Onderwerp: Bezoek-historie

RSJ 24/45127/GB, 7 april 2025, beroep
Uitspraakdatum:07-04-2025

Dit onderwerp bevat de volgende rubrieken.

Nummer          24/45127/GB

Betreft  [klager]

Datum  7 april 2025

 

Uitspraak van de beroepscommissie van de RSJ op het beroep van

[klager] (hierna: klager)

 

1. De procedure

De – zo begrijpt de beroepscommissie – Staatssecretaris van Justitie en Veiligheid (hierna: verweerder) heeft op 10 oktober 2024 beslist de extramurale fase in het kader van de aan klager opgelegde maatregel van plaatsing in een Inrichting voor Stelselmatige Daders (ISD-maatregel) te beëindigen en klager te plaatsen in de ISD van het Justitieel Complex Zaanstad.

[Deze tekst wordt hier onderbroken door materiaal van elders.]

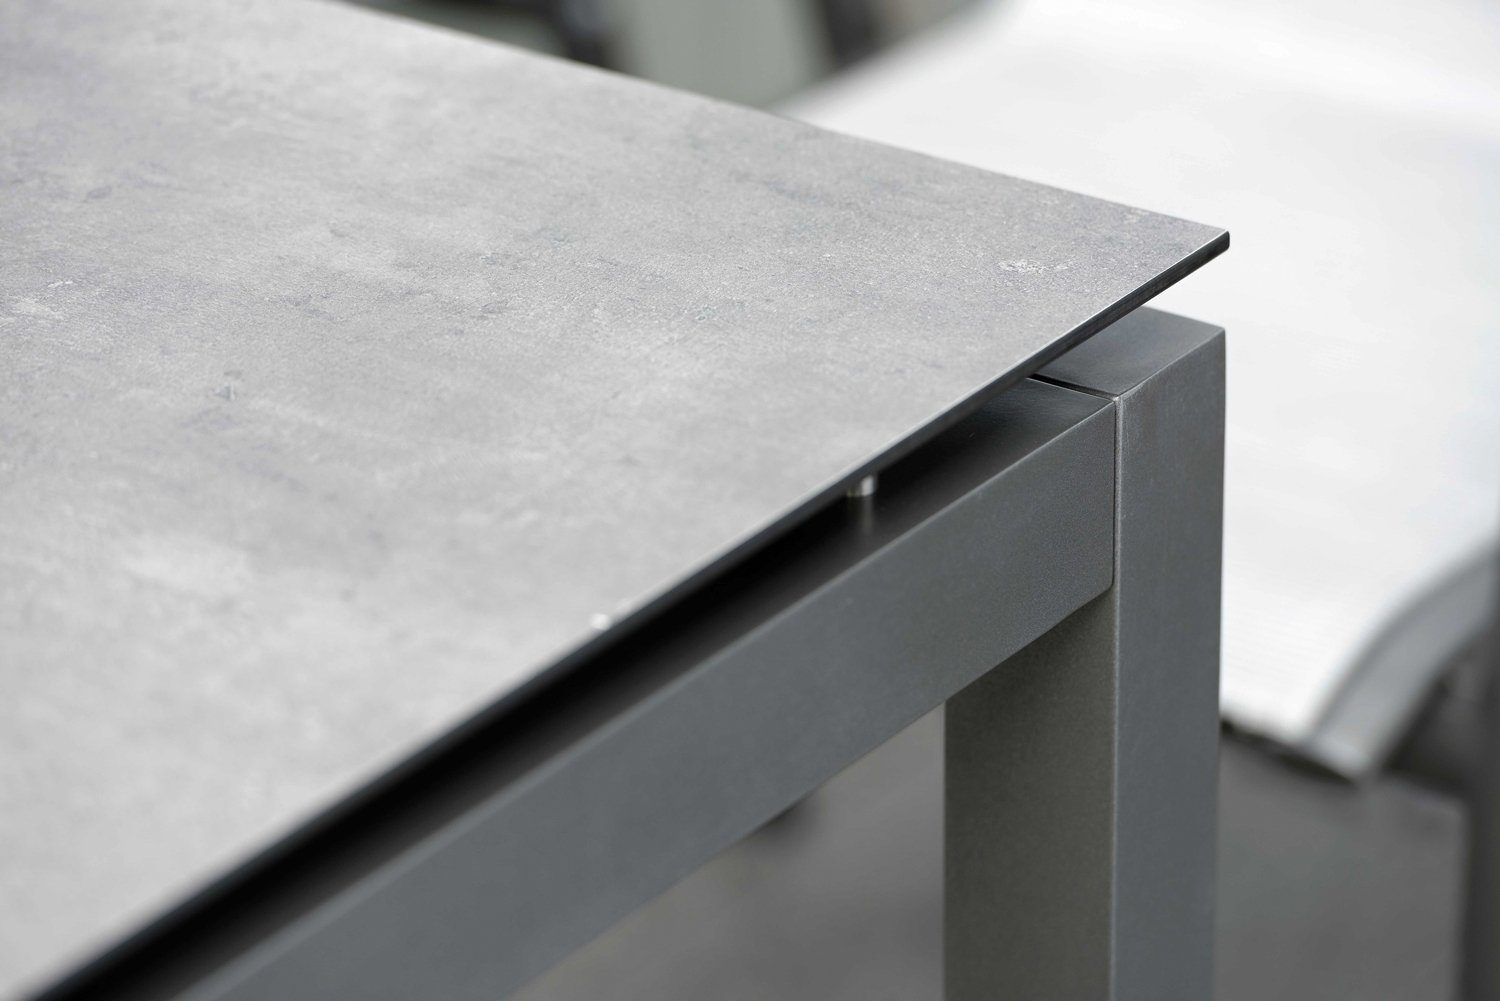 Stern Tischgestell CLASSIC, Aluminium, x B 90 160 Anthrazit cm, T

Klager heeft daartegen bezwaar ingesteld. Verweerder heeft op 5 december 2024 het bezwaar ongegrond verklaard.

Klagers raadsvrouw, mr. S. Drent, heeft namens klager beroep ingesteld tegen deze beslissing.

De beroepscommissie heeft klager, zijn raadsvrouw en verweerder in de gelegenheid gesteld hun standpunten schriftelijk (nader) toe te lichten.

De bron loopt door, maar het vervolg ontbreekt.